Appealing to a vast section of India as the “tea seller” from a humble background, there was no shame for his followers that the man aspired to riches, wearing an outrageously expensive coat (when he met President Obama in Delhi months later) or using a luxe Mont Blanc pen as he signed documents to take his oath—crass expressions of personal wealth.

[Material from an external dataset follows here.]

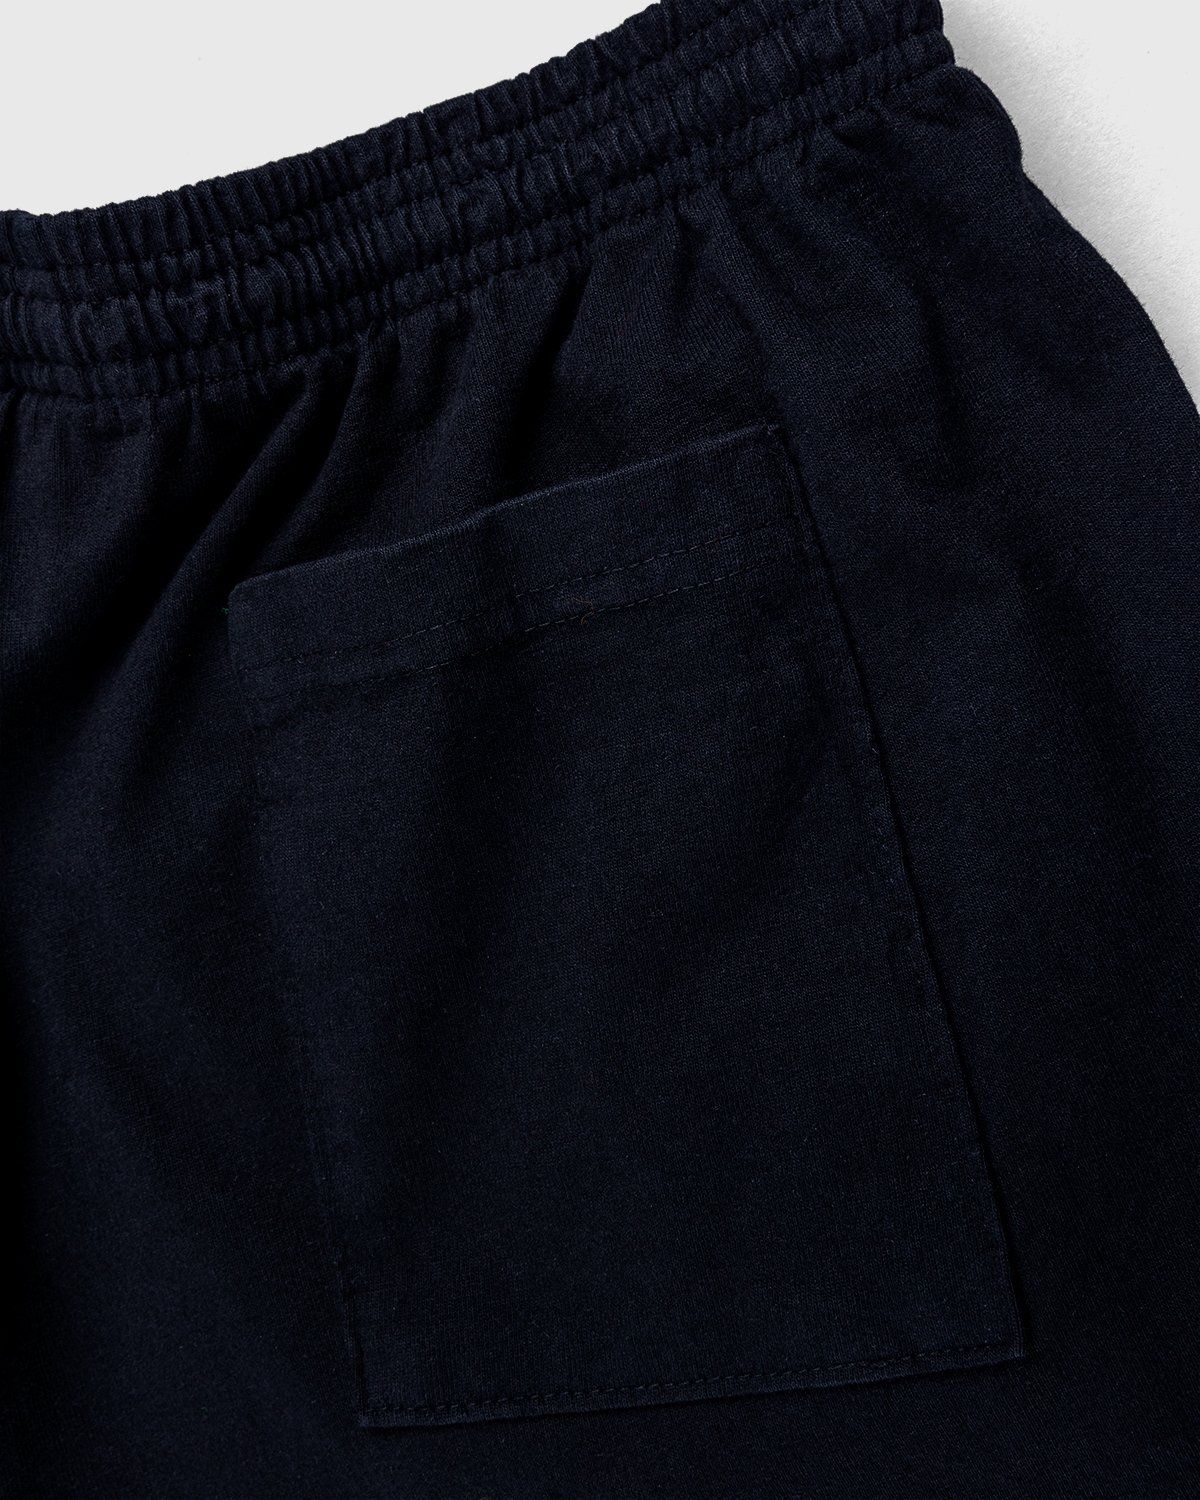 Bstroy x Highsnobiety – Shorts Black - Shorts - Black - Image 3

The first five years of the regime were signs of the time to come. An immediate centralization of power, an assault on university campuses (especially on student leaders who questioned this hegemonic and proto-fascist ideology that has groomed Modi since teenage years), cutbacks on workers’ and farmers’ rights, arrests on activists and lawyers and worst of all, lynchings of Indians who did not fit the definition of the ‘ideal’ Indian—that is, Muslims, Dalits, Christians and communists (read: dissenters) were brutally killed. The slaying of rationalists Narendra Dabholkar, Govind Pansare, M.M. Kalburgi and Gauri Lankesh (only the first happened before 2014) by an extreme right-wing group was also something India has not seen. The ideology of this Bharatiya Janata Party (BJP) regime is the Rashtriya Swayamsevak Sangh (RSS). Founded in 1925, its core belief is that India should not be a democratic republic but a Hindu theocracy; it subscribes to unequal and discriminatory levels of citizenship (following both Mussolini and Hitler) and is wedded (in its own writings) to overthrow the Constitution. Propaganda around the glory of the nation and “development” subsumed the gory 2014-2019 reality of violence, fear and lynchings. The unilateral move to “liberalize” India’s legal currency crippled India’s flagging economy and virtually killed the informal sector. Reports of the aggrandizement of the ruling party’s coffers came in only to be snuffed out by men who led the party and were intolerant of media reporting reality. Those men are now in positions of unbridled power today.

I wrote some months ago that this government has all but declared a war against its own people. That was before the 2019 results that took the supremacist victory to even higher levels, making a mockery of parliamentary debate and all-party dialogue. The second Modi regime sworn in this year has demonstrated in just three months what we can expect.